In everyday human perception, the face and its expressions serve as the primary shorthand for judgment. When this critical information is absent, the rhythm of viewing shifts—attention is prolonged, and the emergence of emotion becomes less immediate. The distance, posture, and arrangement of figures suggest a relationship, yet lack explicit interactive cues, leaving the connection unexplained. This strategy of open-ended composition intentionally dismantles the social categorizations that viewers habitually rely upon.
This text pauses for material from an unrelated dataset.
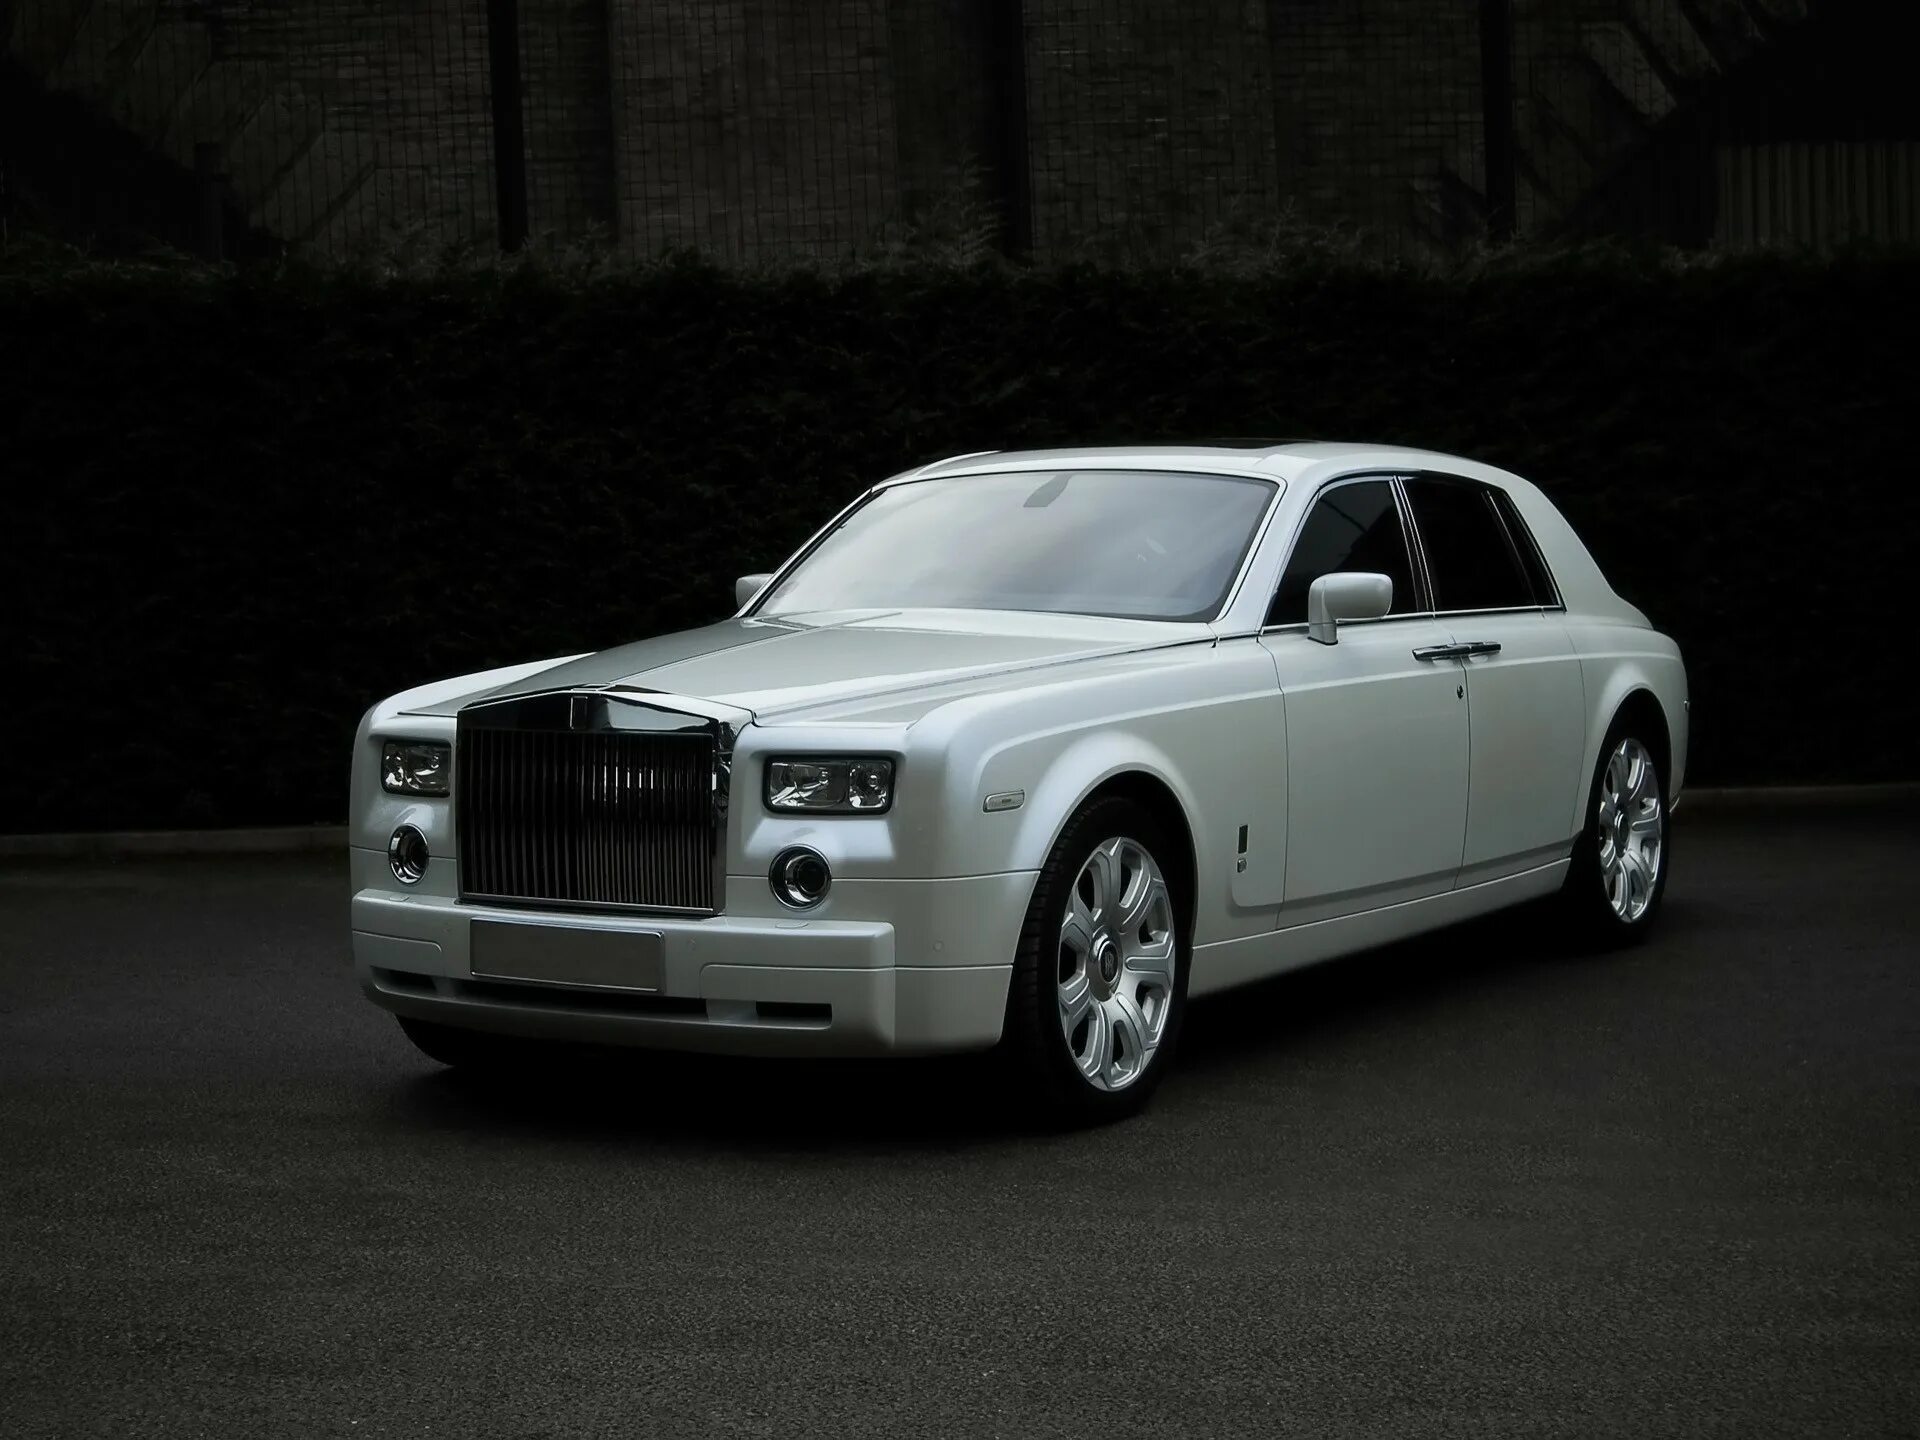 Rolls Royce Phantom 2009. Rolls Royce Phantom белый. Роллс Ройс Фантом 2009 белый. Роллс Ройс Фантом 2009 года.

When the face is no longer the epicenter of judgment, the viewer must navigate through layers of color, the emergence of brushwork, and the shifting of contours. Consequently, the act of looking evolves from identifying identity to sensing the generation of relations. The figures are not presented as complete entities; they exist in a state of continuous formation—beings that wait to be seen, and wait to be understood.
Tony WONG employs the line as the foundational point of departure for perceiving the world, using it to weave together the core inquiries of this exhibition, Tony WONG 1970–1980. The gallery space begins with imagery from the artist’s sketchbooks—the genesis of both vision and thought—pointing toward a creative site that remains un-fixed and inviting the viewer into this temporal state of "becoming." Looking back at his trajectory from the 1970s through the 1980s, one observes how WONG meticulously constructed a mode of relating to the world through a synthesis of daily observation, formal experimentation, and material exploration.
Consequently, the subtitle "An America Not Yet Arrived" does not merely denote geographic migration or the shift of cultural identity; rather, it describes a state of creation and cognition. In this context, "America" is simultaneously a physical reality and a field that is perpetually observed, interpreted, and reconstructed. WONG’s practice unfolds within this unfinished dialectic, utilizing the mechanics of line, color, and composition to carve out a creative position situated between the internal and the external. In this phase of his work, "not arriving" is not synonymous with absence or deficiency; it is a state of continuous operation. The works are deeply rooted in specific historical and social realities, yet they maintain a perceptual and formal openness that keeps the act of viewing in a state of productive deferral.
This text does not seek to provide a definitive conclusion to this period of the artist's career, but rather to present it in its nascent state. What these works open up is not only the artist’s own mode of seeing but an invitation to the viewer to reconsider how the subject, the relationship, and the perception continue to take shape within the "not yet arrived."